Tuesday, December 8, 2009

Is it Chili in Here?




Or is it me? I'm definitely feeling it. Three Bean Turkey Chili with Cilantro Pesto is a great recipe for these chilly days. No longer a prisoner in the pantry, my crock pot takes center stage on the kitchen counter. Our lives are so busy and hectic that it is comforting to arrive home after a day at the office to someone cooking in the kitchen, even if that someone is the crock pot. I love how colorful this chili is and the Cilantro Pesto adds a splash of garlic and lime. I have served this as a hearty dinner with a pan of cornbread or as an easy lunch with a small salad. Make a big batch and freeze half for another time. It's nice to know that a batch of chili is waiting for you in the freezer, just minutes away from a home cooked meal. I wish I could cook every night but at least I have my trusty crock pot during these cold winter months, that is until the weather begins to warm and back it must go, kicking and screaming into the dark pantry, only to be replaced by the BBQ. Until then it's the crock pot that is our family cook, creating warm and tasty meals for my over stressed family. Such a gem! If only I could get it to walk the dog!

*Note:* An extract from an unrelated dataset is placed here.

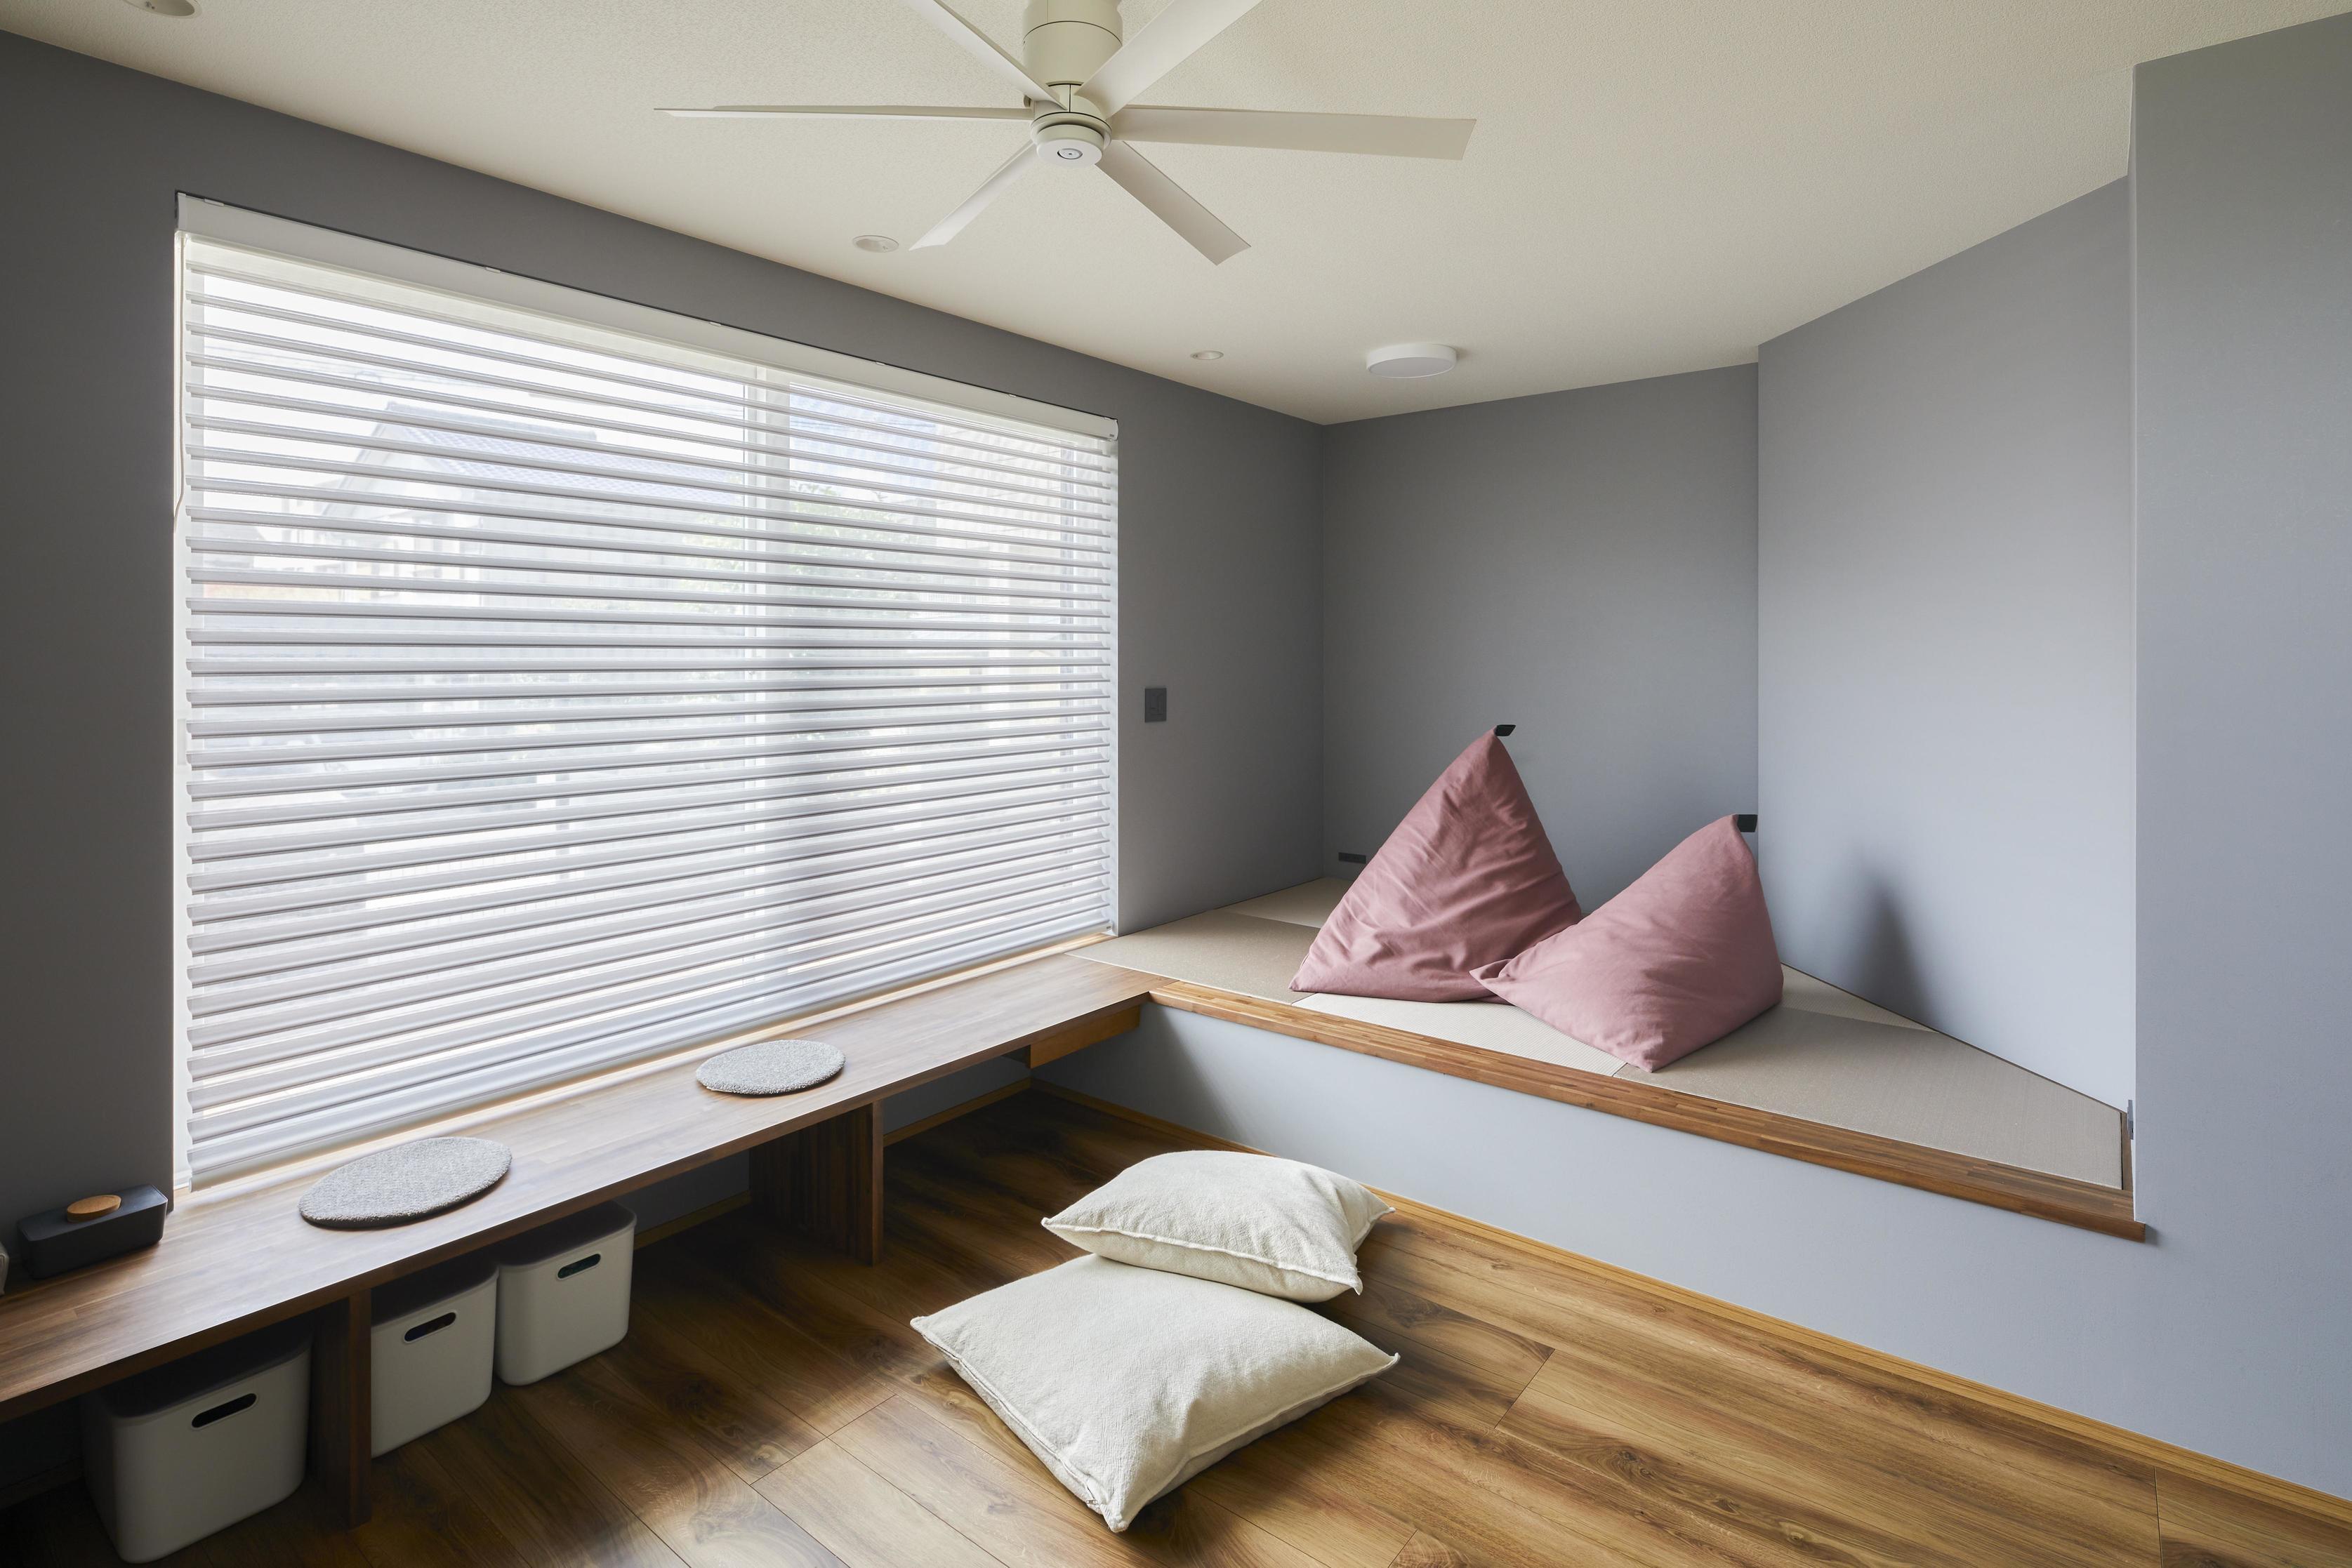 畳コーナーはちょっとした家事やお子様の遊び場としても活用できる

Three Bean Turkey Chili with Cilantro Pesto

1 pound ground turkey
1 Tbsp. olive oil
1 large onion
2 cloves garlic, minced
5 stalks celery, chopped
3 large carrots, chopped
1 1/2 tsp. salt
32 oz. fat-free chicken stock
1-32 oz can diced tomatoes
1 tsp. each cumin, dried oregano, chipotle chili powder
1-15 oz. can of white beans, drained and rinsed
1-15 oz. can of pinto beans, drained and rinsed
1-15 oz. can of kidney beans, drained and rinsed


Coat large skillet with the olive oil. Cook turkey, onion, carrot, celery, and salt over medium-high heat until turkey is cooked though. Drain any fat. Add turkey mixture and remaining ingredients to a large crock pot. Cover and cook on low for 6-7 hours. Serve with a tsp of Cilantro Pesto stirred in for that extra kick!


Cilantro Pesto

2 cups or 1 bunch cilantro
2 cloves garlic
1/2 tsp salt
1 tsp. lime zest
1 Tbsp. lime juice
1 -2 Tbsp. olive oil

Chop/mix all ingredients in food processor or blender until finely minced to a lovely pesto. Adjust salt and oil to taste. Keep in a covered container in the fridge to use as a topper for soups, chilis or as a dip for bread, yum, yum, yum!